(Continuing a discussion from
https://twitter.com/cocoaphony/status/729712476451971073\.\)
The current recommendation for converting from lazy to strict is with an
Array constructor:
Array(xs.lazy.<chain>)
Because the Array constructor accesses count and then iterates over the
sequence, this generally means that the entire chain is evaluated twice.
This is a surprising result. See
Why `double` is called 5 times and `filter` is called 4 times? Shouldn't they be called same amount of times? Shouldn't they both be called only twice as I have 2-element array? · GitHub for an
example.
While it is reasonable to argue that a map/filter chain should be pure, it
is much more surprising to require that it be cheap (a common use for lazy
is to avoid calling expensive operations that might not be needed).
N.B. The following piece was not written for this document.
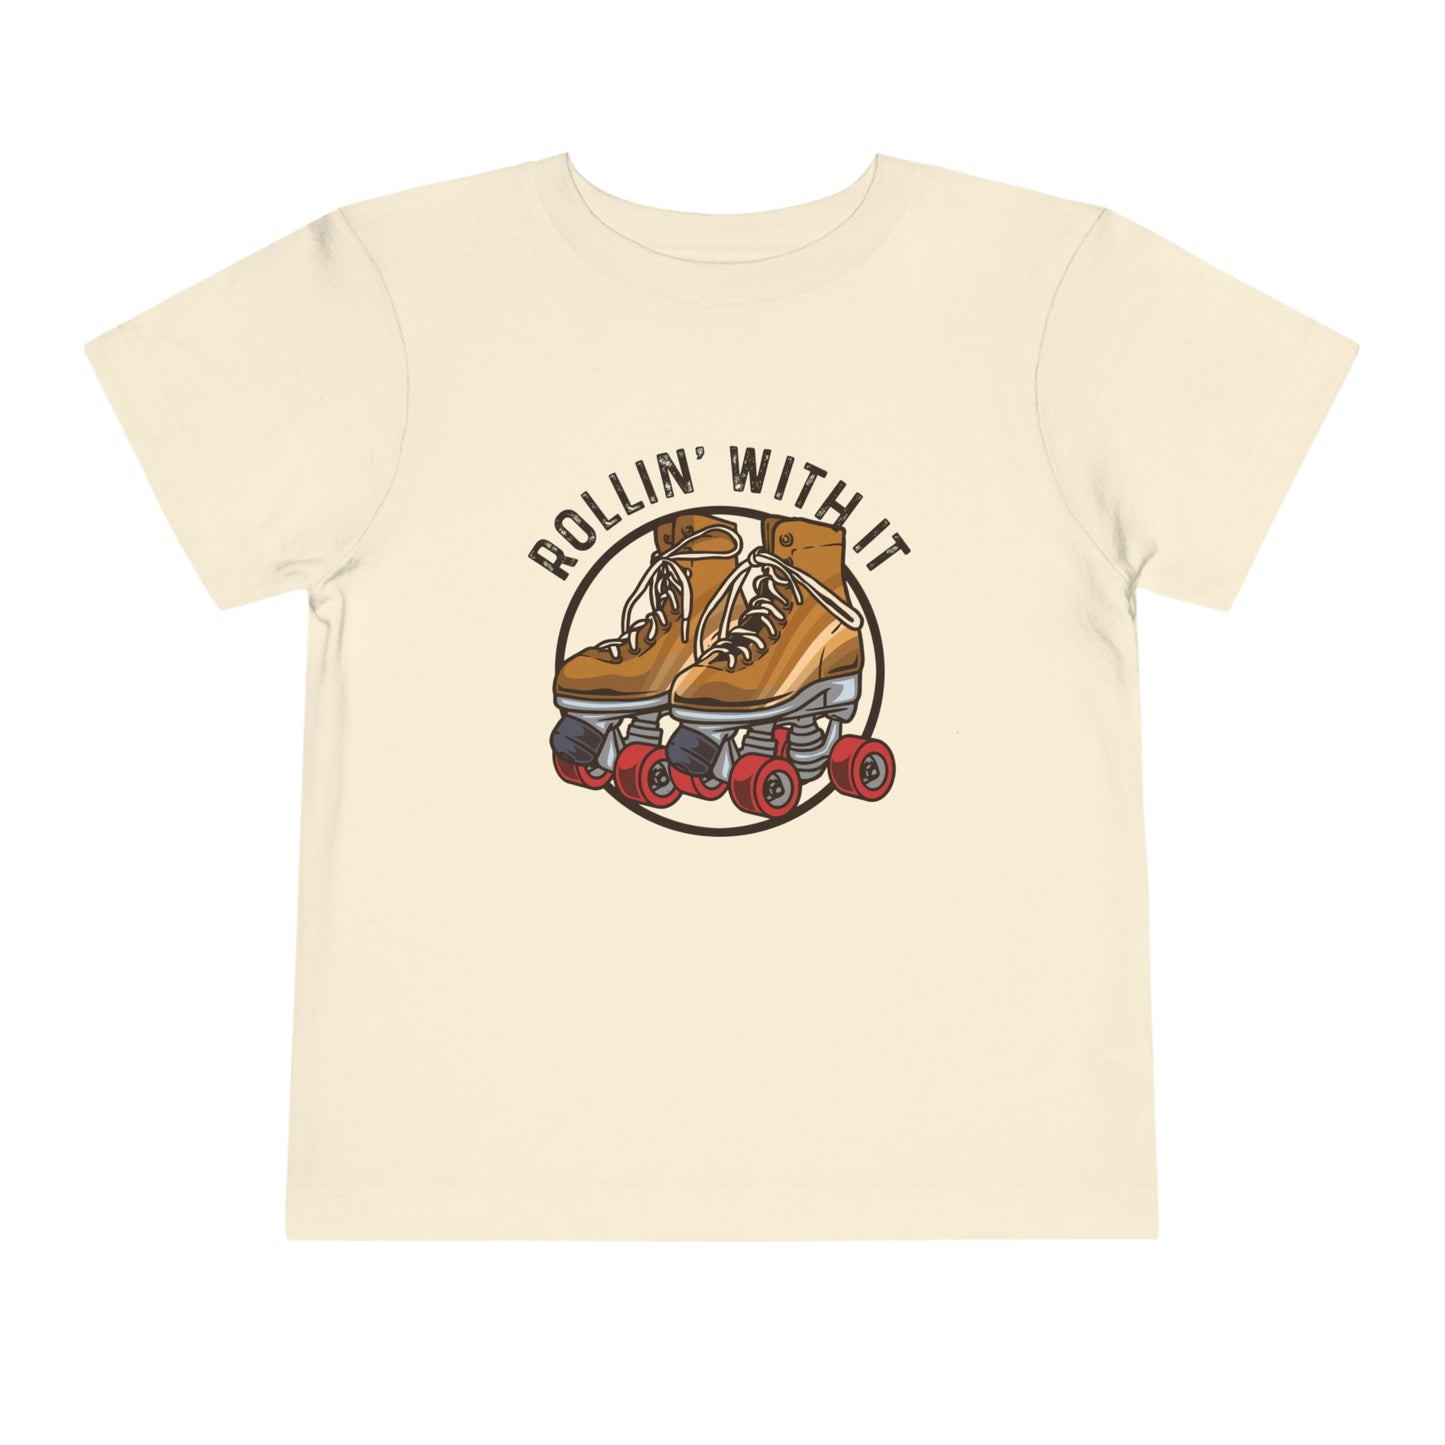 "Rollin With It" Toddler Short Sleeve Tee (2T-5T)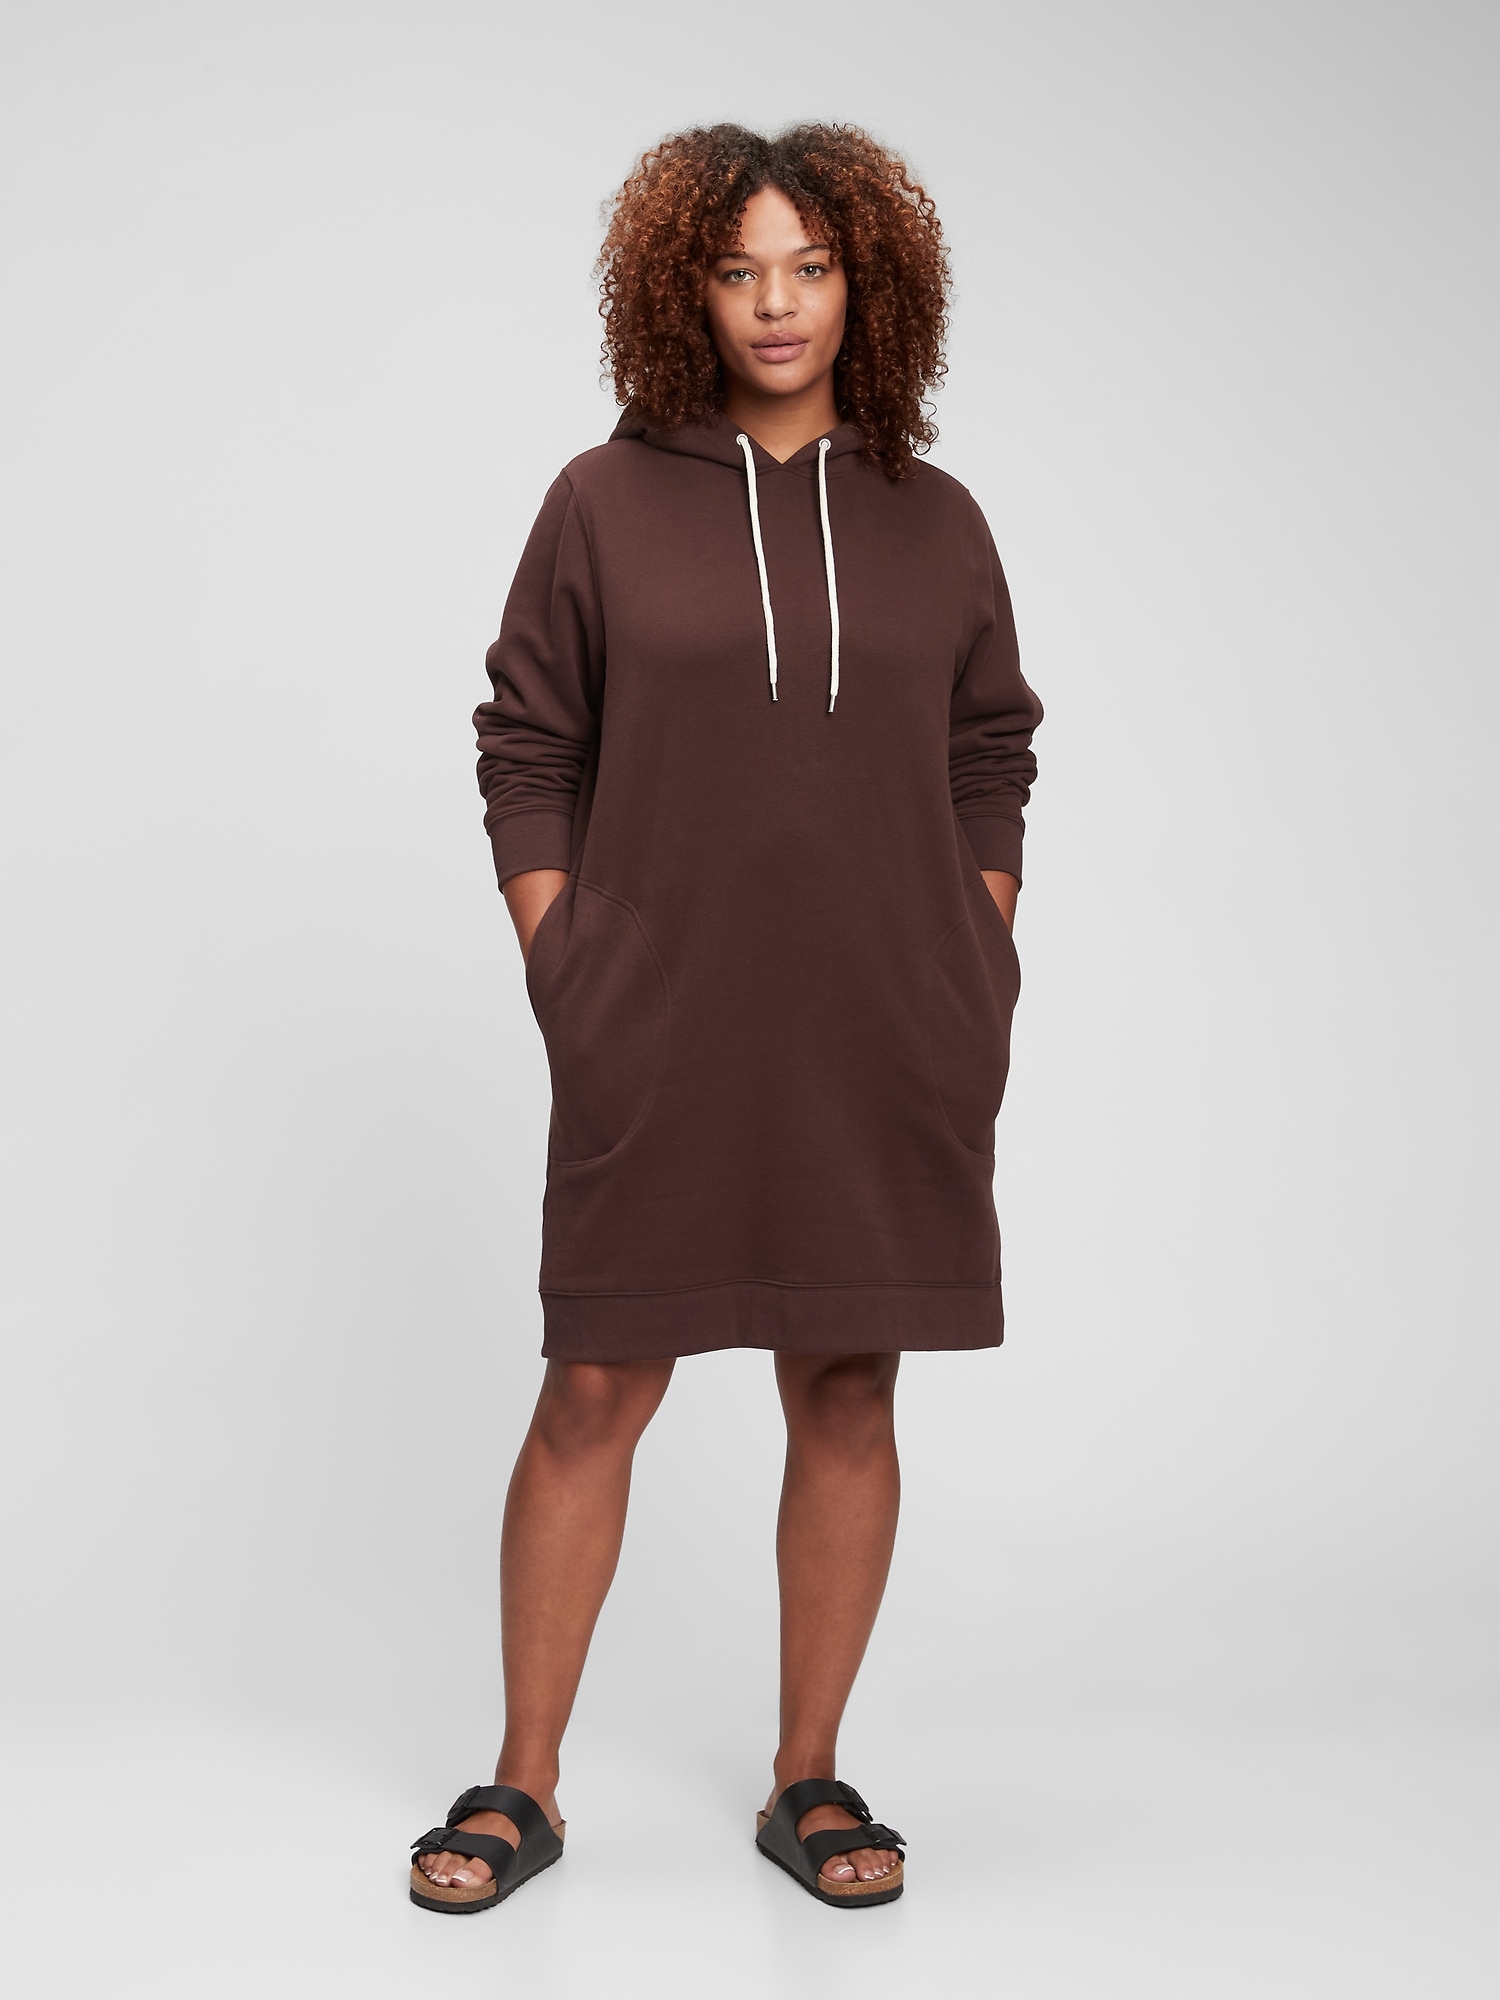  Women's Sexy Stretch Bodycon Hoodie Dress Fashion Cute Pullover Hoody  Dress Party Casual Fitted Oversized Sweatshirt : Clothing, Shoes & Jewelry

This
can be a particular issue if network fetches (even idempotent ones) are
included in the chain.
As Joe Groff notes, this is fixable with Array(AnySequence(xs.lazy....)),
but that is very undiscoverable and dependent on knowing the implementation
details of Array.init.
I believe the root cause of this is that LazyFilterCollection is not a
proper Collection. It violates the performance requirements.
CollectionType.count requires O(1) access if Index is a
RandomAccessIndexType. LazyFilterCollection.count is always at least O(N).
LFC also breaks several other O(1) performance requirements (endIndex for
instance). This breaks the performance promises of anything that operates
on a generic collection and receives an LFC. The problem here isn't
Array.init. It's doing everything right. The problem is that LFC doesn't
uphold its side of the bargain.
There are many ways and reasons that lazy filter chains are constructed. I
don't think there's any way for the stdlib to guess the best performance
trade-off for all of them, and optimizing for one breaks others. Given
that, I think it should stick to the documented performance promises. Since
LazyFilterCollection cannot meet the requirements of a Collection (even in
simple cases), a lazy filter must return a LazySequence. This breaks
pre-allocation optimizations, but allows reasoning about the performance in
ways that is not currently possible. We should keep our promises.
While not beautiful, it is possible to recover pre-allocation optimization
in a generic way by adding an initialCapacity option to
Array.init<SequenceType>. This would allow the caller to provide the best
initial allocation in cases where that is externally known, or worth an
explicit counting.
-Rob